> [AIM OF THE EXERCISE] Repeat the listing below in full and exactly, but without its pictures.

++++ SUPPLIED MATERIAL

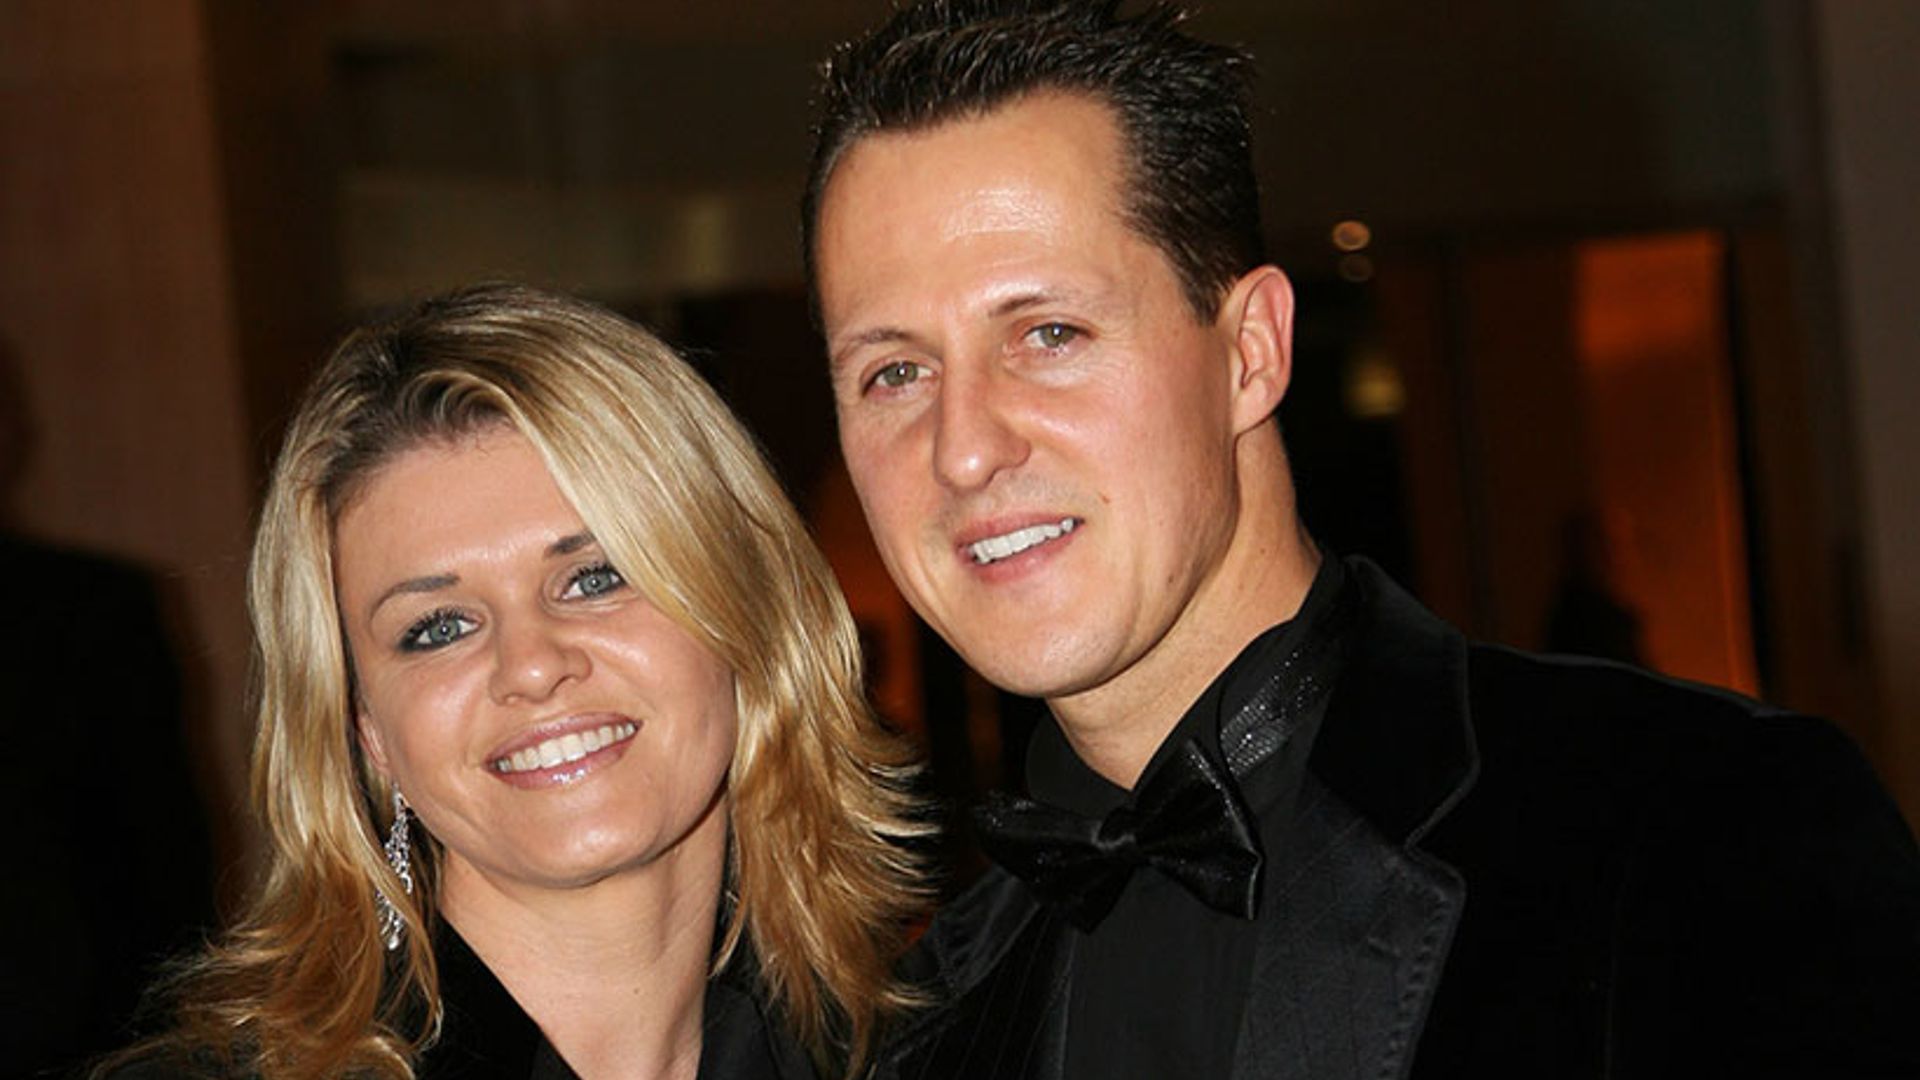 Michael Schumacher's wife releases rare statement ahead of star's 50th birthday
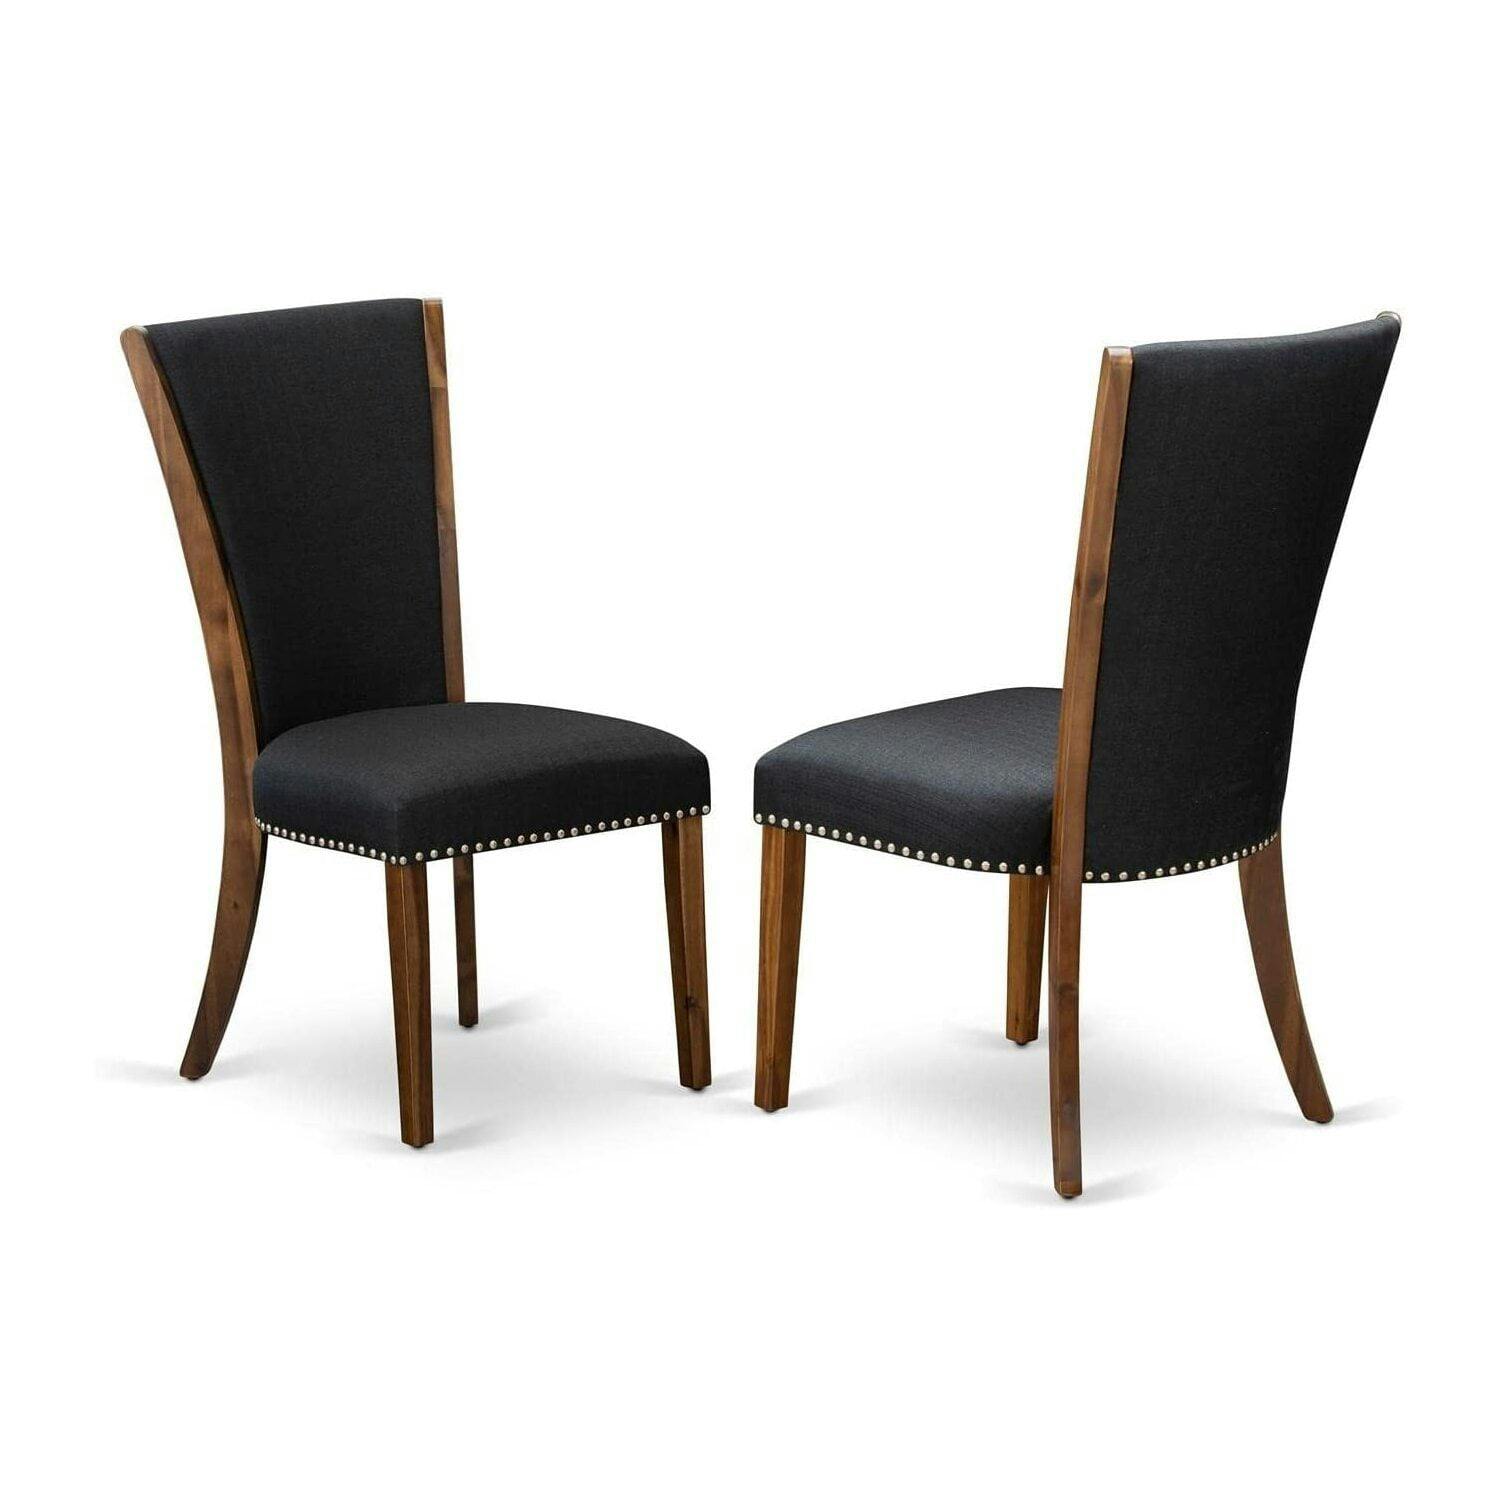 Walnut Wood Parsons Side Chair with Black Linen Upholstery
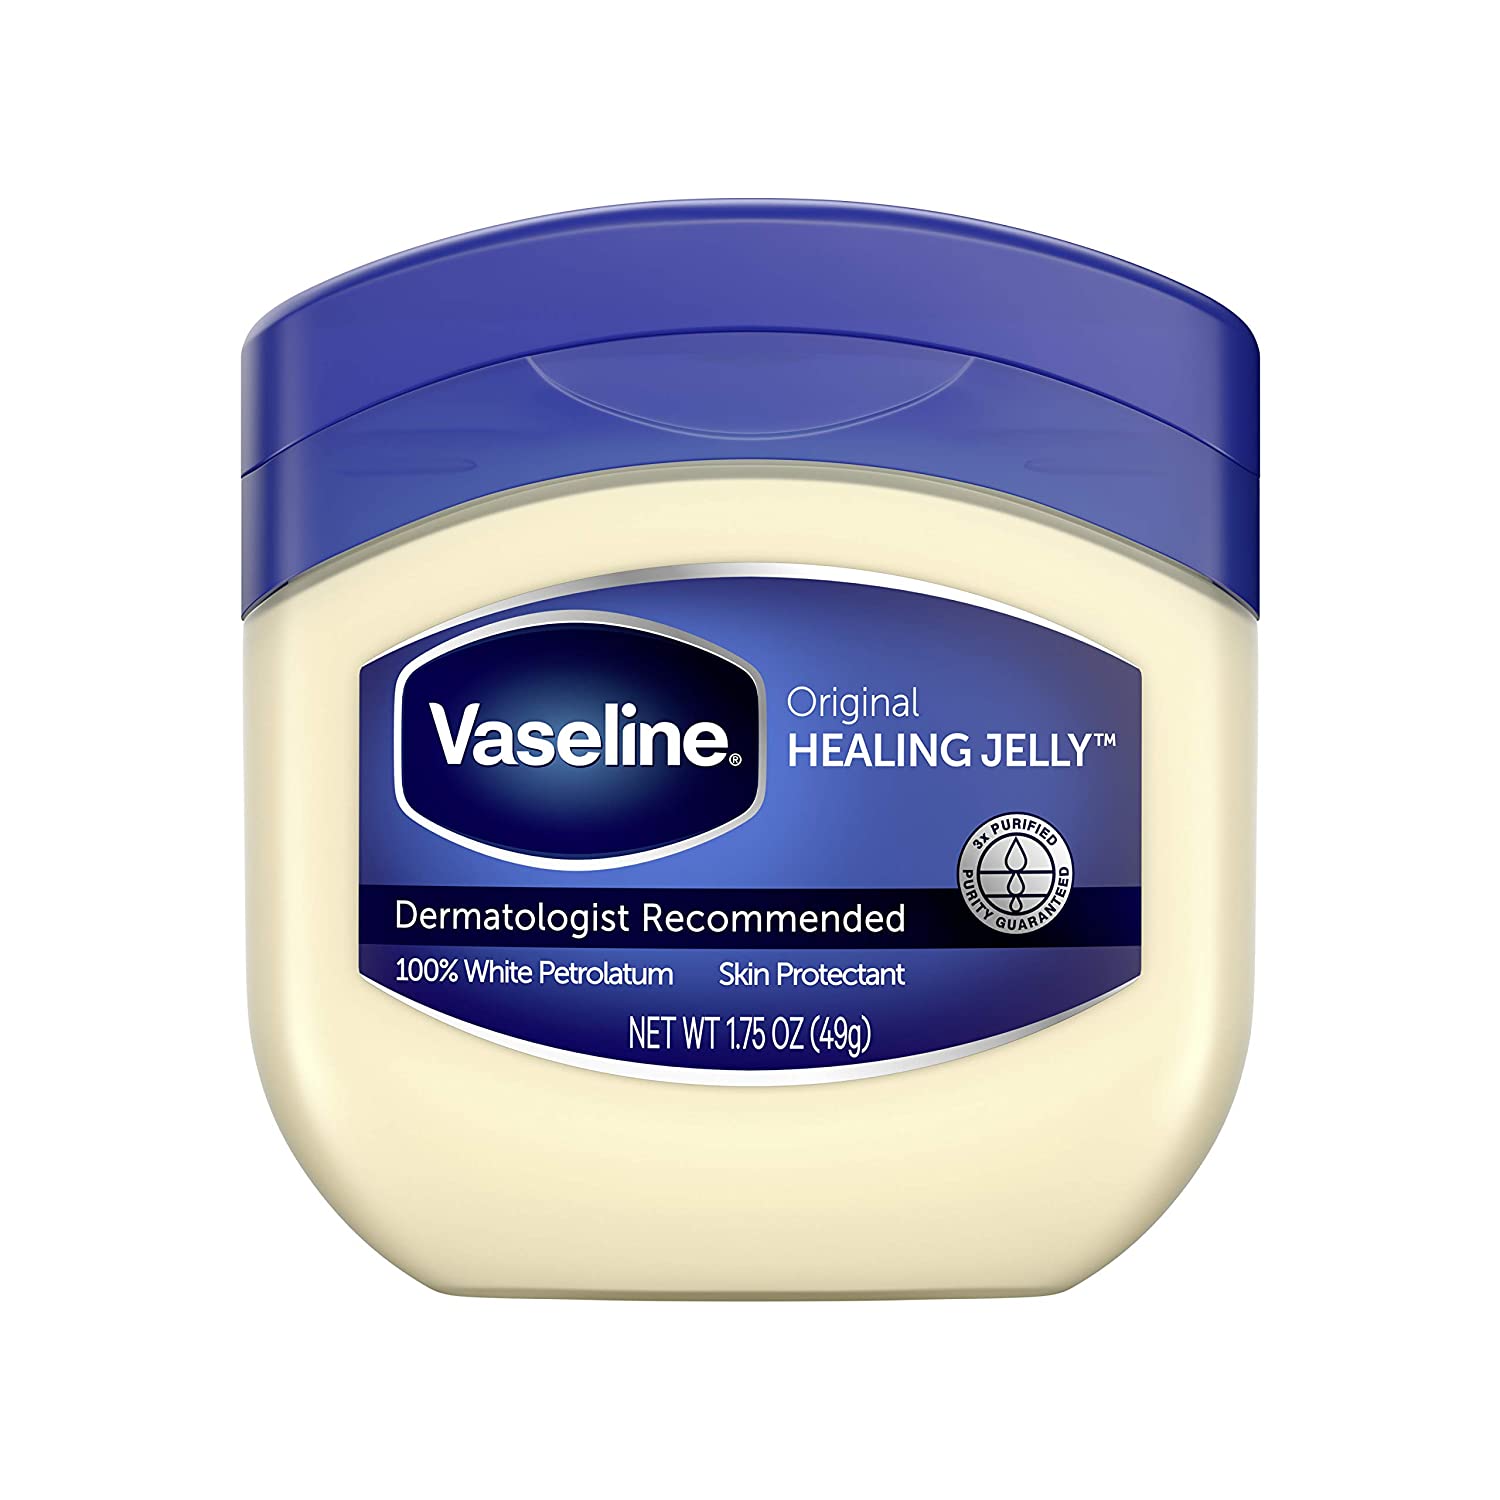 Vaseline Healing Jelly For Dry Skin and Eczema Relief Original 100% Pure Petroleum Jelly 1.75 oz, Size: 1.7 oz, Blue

++++++++

> [WRITTEN RESPONSE]
 Michael Schumacher's wife releases rare statement ahead of star's 50th birthday
 Walnut Wood Parsons Side Chair with Black Linen Upholstery
 Vaseline Healing Jelly For Dry Skin and Eczema Relief Original 100% Pure Petroleum Jelly 1.75 oz, Size: 1.7 oz, Blue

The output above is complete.